Les Bouquinistes - How to Save 700 Euros

I admit it, even a famous restaurant blogger like myself is not quite ready to shell out 1000€ for a dinner for two in Paris, or anywhere else for that matter. Just how good can food be? Well, until I’m ready to splurge, the answer to that question will have to wait, but I’m pretty sure it’s along the lines of ‘pretty damn good.’ Or, as Larry David would put it, ‘pretty, pretty, good.’ Or, according to Alexandro Lobrano, it is equivalent to 'an experience of gastronomic luxury that's as solidly engineered as a Mercedes and as consensually tasteful as a string of good pearls.' That good. This by way of introduction to a Friday night dinner at Guy Savoy’s ‘baby bistro,’ Les Bouquinistes, Guy Savoy’s affordable alternative, ideally located in the heart of the Latin Quarter. If you opt for the bottom of the barrel at Restaurant Guy Savoy, i.e., the 275€ menu, forget about the espresso at the end of the meal, and carefully select a bottle of wine under a couple hundred euros, a couple can probably get away with a final tally suitably under the century mark. An alternative is to splurge at Les Bouquinistes and still end up at around one-fourth what an outing at the more famous eating establishment would run. But all this talk about money – this blog is about food, so let’s get to it.

When I say Les Bouquinistes is ideally located, I'm not exaggerating. Parking garage a couple short blocks away, the Seine right across the street. To your right, Notre Dame; to your left, the Pont Neuf. And two doors up the street, Ze Kitchen Galerie, my clear favorite of the two competing restaurants. In fact, this is a mecca for gastronomic restaurants - there are several worthy of attention in the immediate area. We opted for a corner table on the far side in the back, which seemed to perplex our host, who suggested that I was sitting in the 'girl's seat' against the wall. How could he know that I am an avid proponent of flipping gender conventions on their head. Co. was immediately taken by the 75€ menu dégustation 'Les Bouquinistes' and who was I to argue? Here's how it unrolled, following an obligatory mis-en-bouche, which consisted of a tasty cold fish soup with a dollop of cream on top.

First course: Ballottine de foie gras au sel de Guérande. I'm probably one of the few people on the planet who isn't gaga over foie gras and this dish didn't change my mind. To wit, three round two-euro-sized pieces of foie gras, two dark purple cherries, and some greens, served with a plate of toast strips. Co. was a bit disappointed with the foie gras per se, but I had to agree with her assessment that the cherries provided a perfect counterpoint to the dish. Smashing a piece of cherry on the toast and then laying on top a slab of foie gras almost had me convinced that it is time to reassess my attitude towards the French delicacy. Almost.

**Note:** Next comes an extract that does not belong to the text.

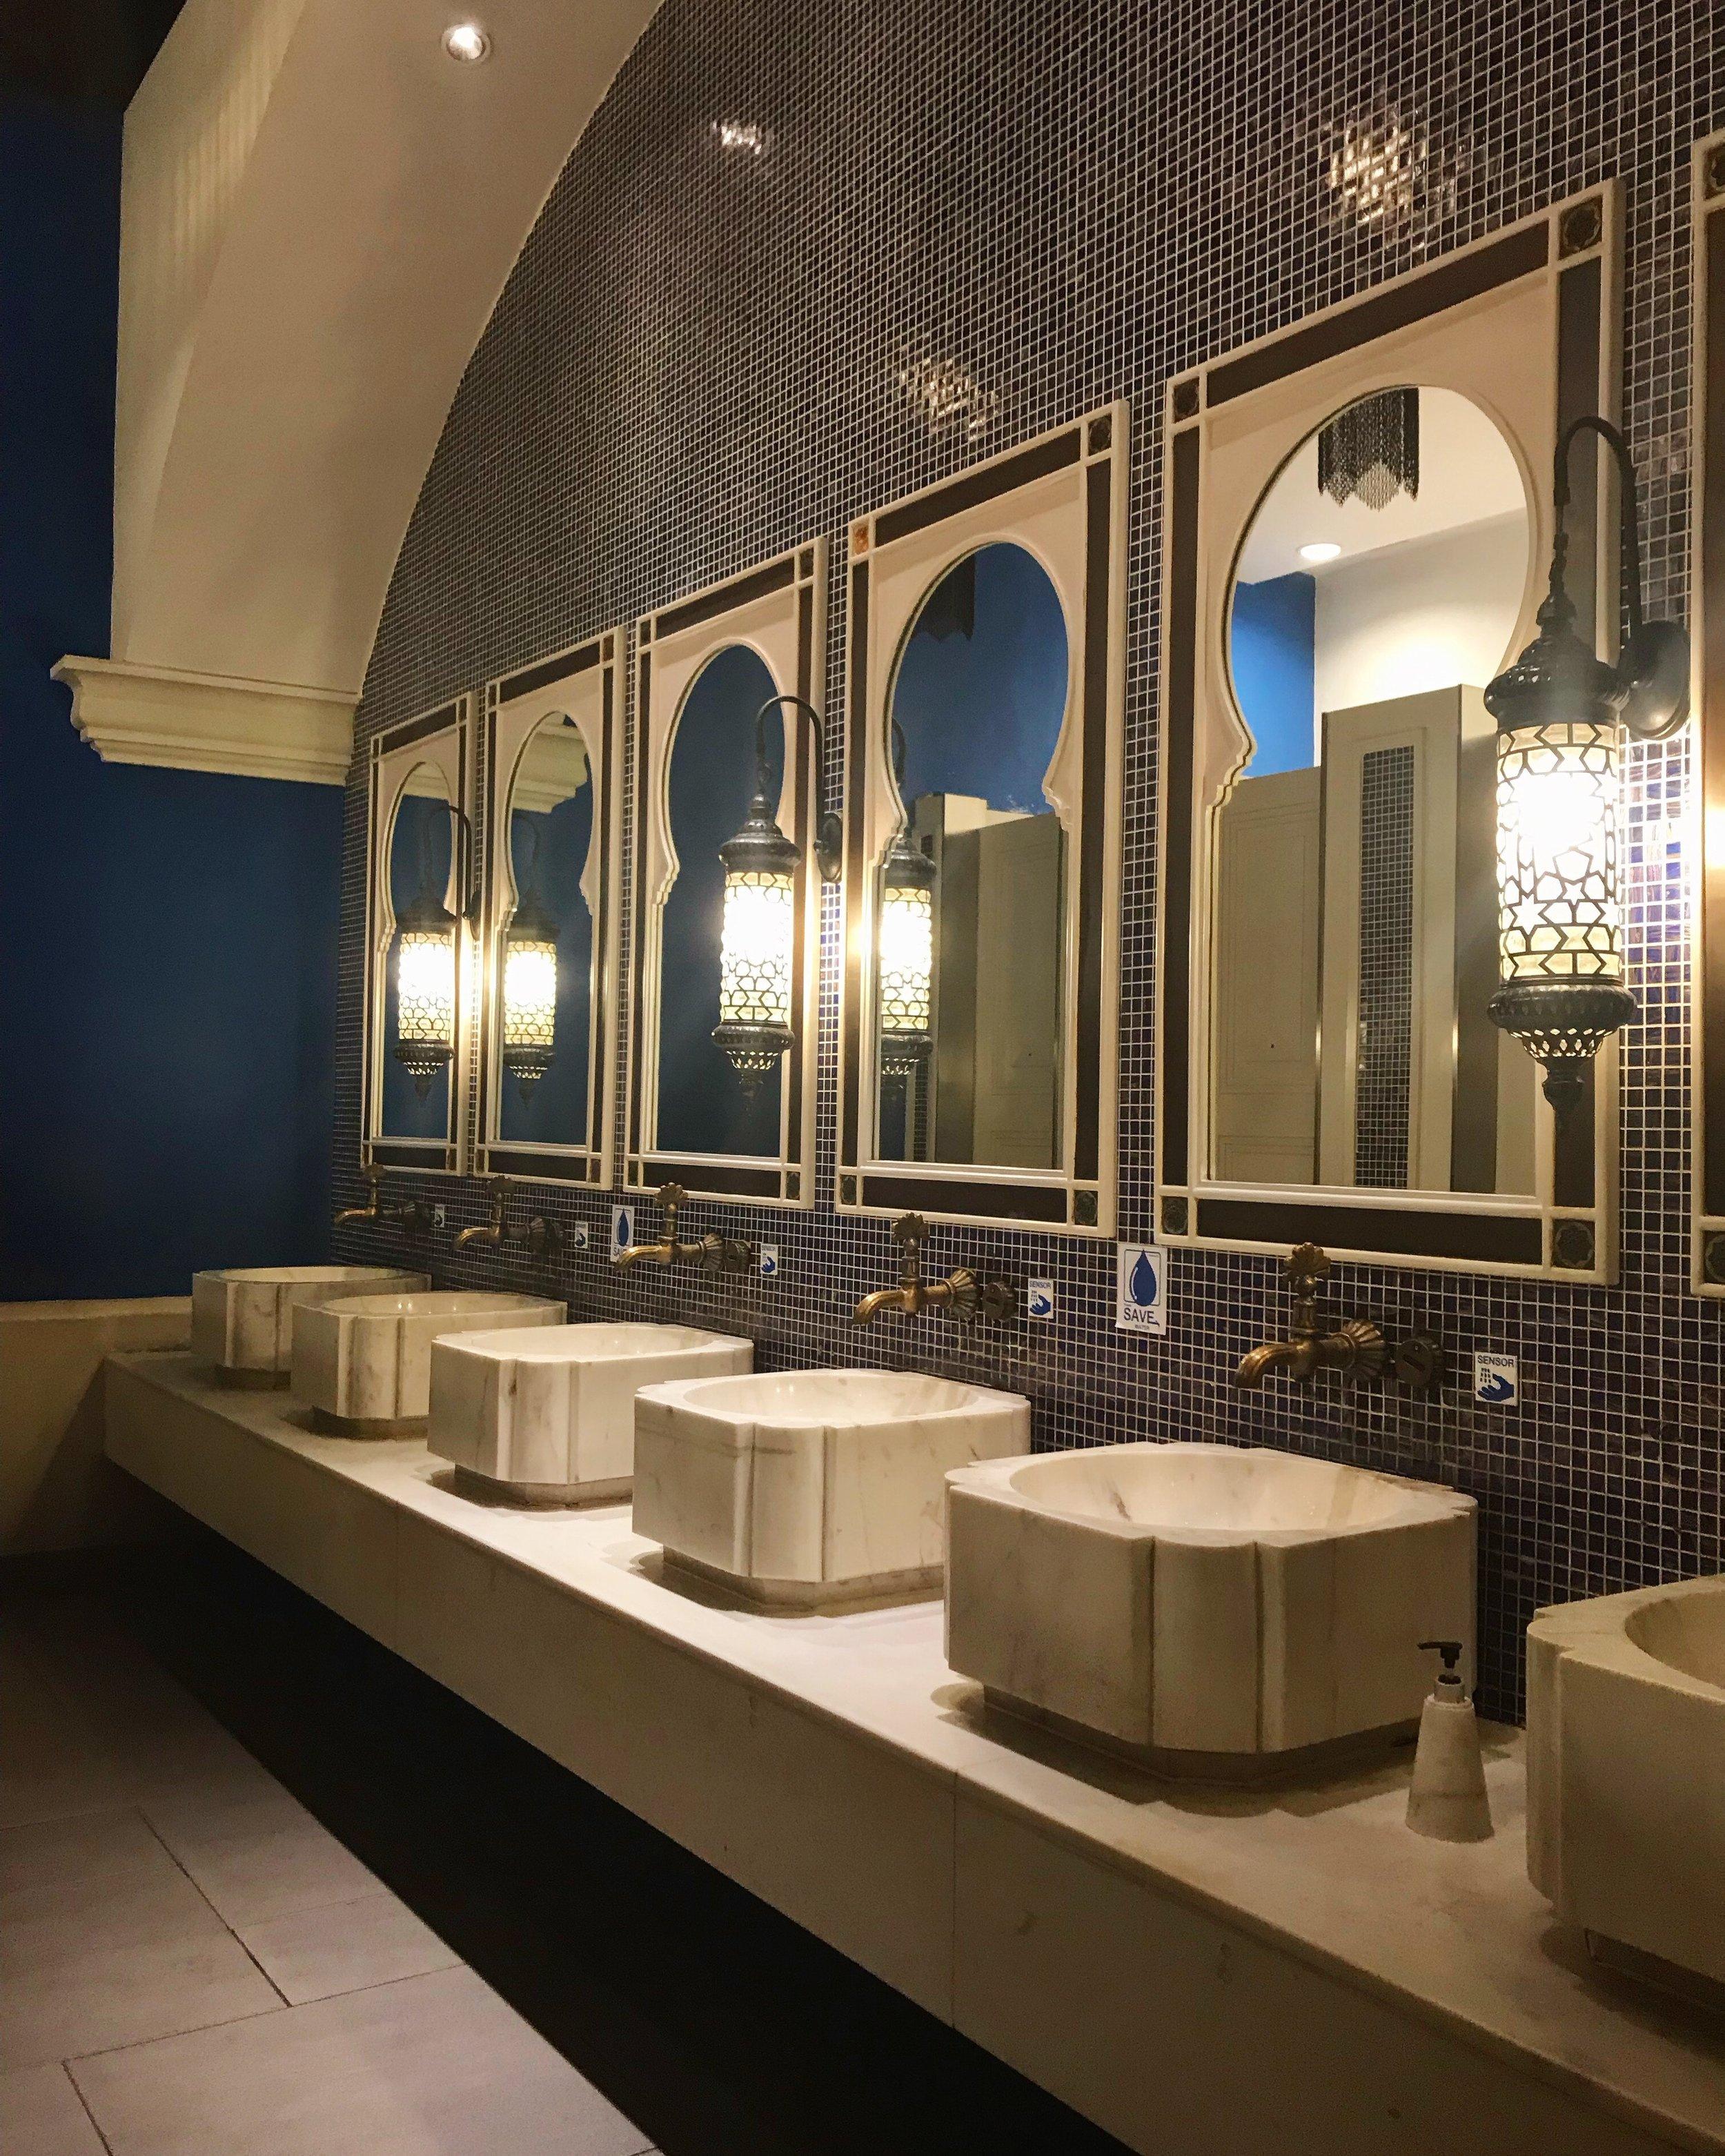 bathroom-clean-contemporary-2554517.jpg
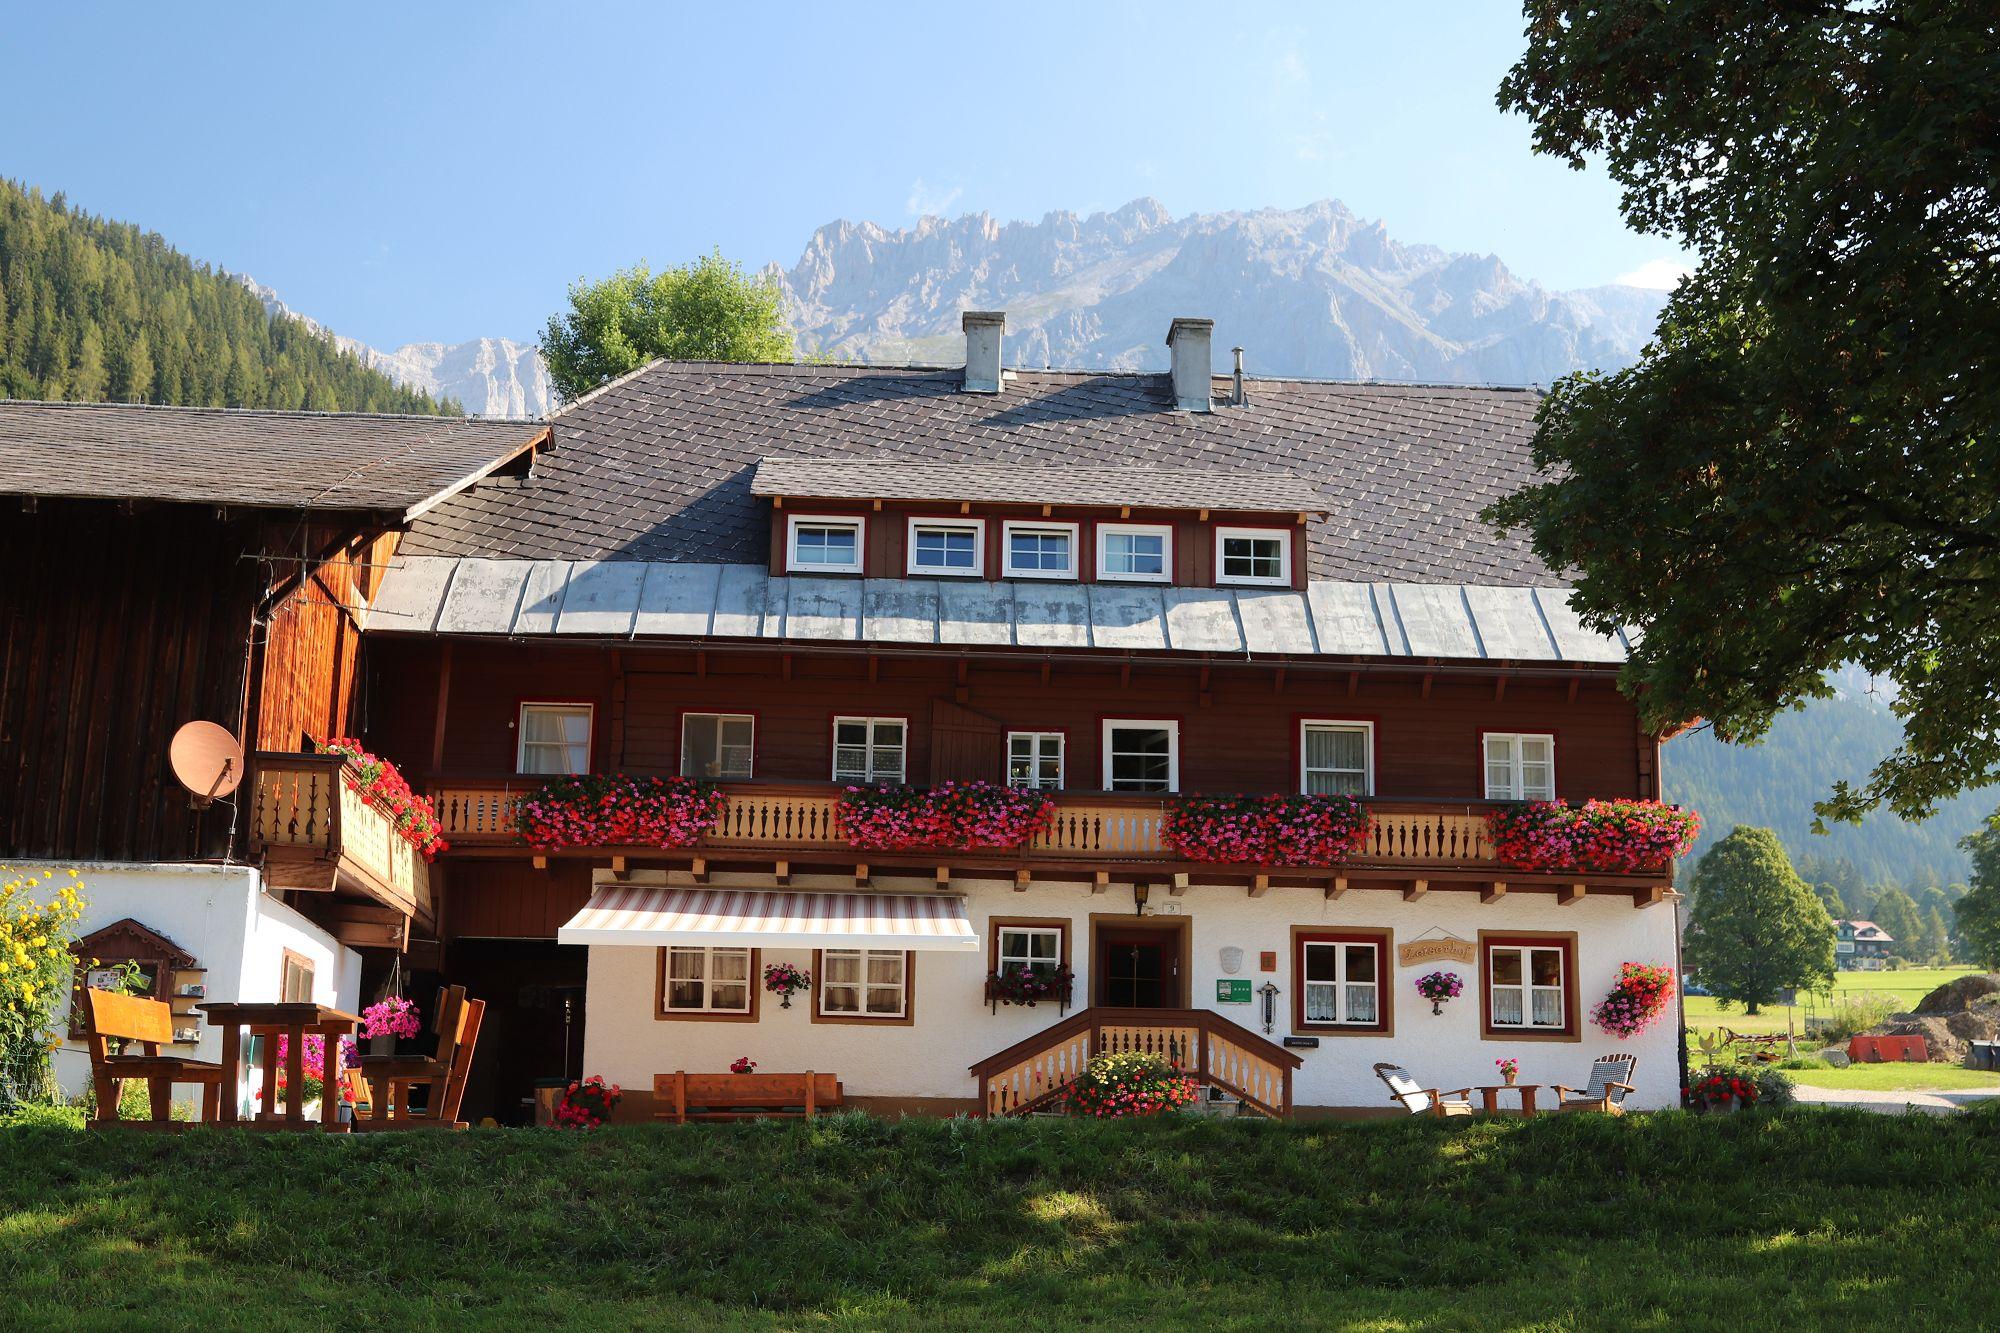 k-zeiserhof-bauernhof

Second course: Homard et tourteau en fine raviole de betterave. On paper, this promised to be the killer dish. In reality, major disappointment. If you intend to imbibe in the menu degustation, remember to bring your microscope. I could have used one to locate the miniscule piece of lobster and artichoke. The minced crab was sweet and succulent, but not much easier to locate than the aforementioned components. Even the betterave - year of the beet! - was so thinly sliced, I could barely taste it. Move on.

Third course: Dorade royale en écailles de courgettes. This was probably my favorite course. The dorade fish was cooked croustillant and enveloped by a layer of small slices of zucchini.

Fourth course: Crème de céleri, royale de foie gras et asperges. Our waiter informed us that this dish is the one that typically earns the most accolades, and I get it. This was a silky and luscious soup, served with slices of asparagus, foie gras as smooth as mashed potatoes. This was very tasty, but I still give the edge to the dorade.

Fifth course: Filet de veau rôti, légumes au thym. I don't eat veal, but the staff was flexible enough to swap that dish for me with fish, this time noisettes de cabillaud à la coriandre fraîche et légumes. The veal turned out to be a peak experience for Co., perfectly cooked in a red wine sauce with large slices of onion, peas and carrots, and lemon confit. For my part, there was nothing special about the cabillaud. Diligently eaten, quickly forgotten.

Sixth course: Dessert. Chocolate - menthe. This looked unexceptional - a sizable piece of thinly sliced chocolate with some cream and dollops of mint. Both of us concurred that this was pretty, pretty nice. Definitely a highlight.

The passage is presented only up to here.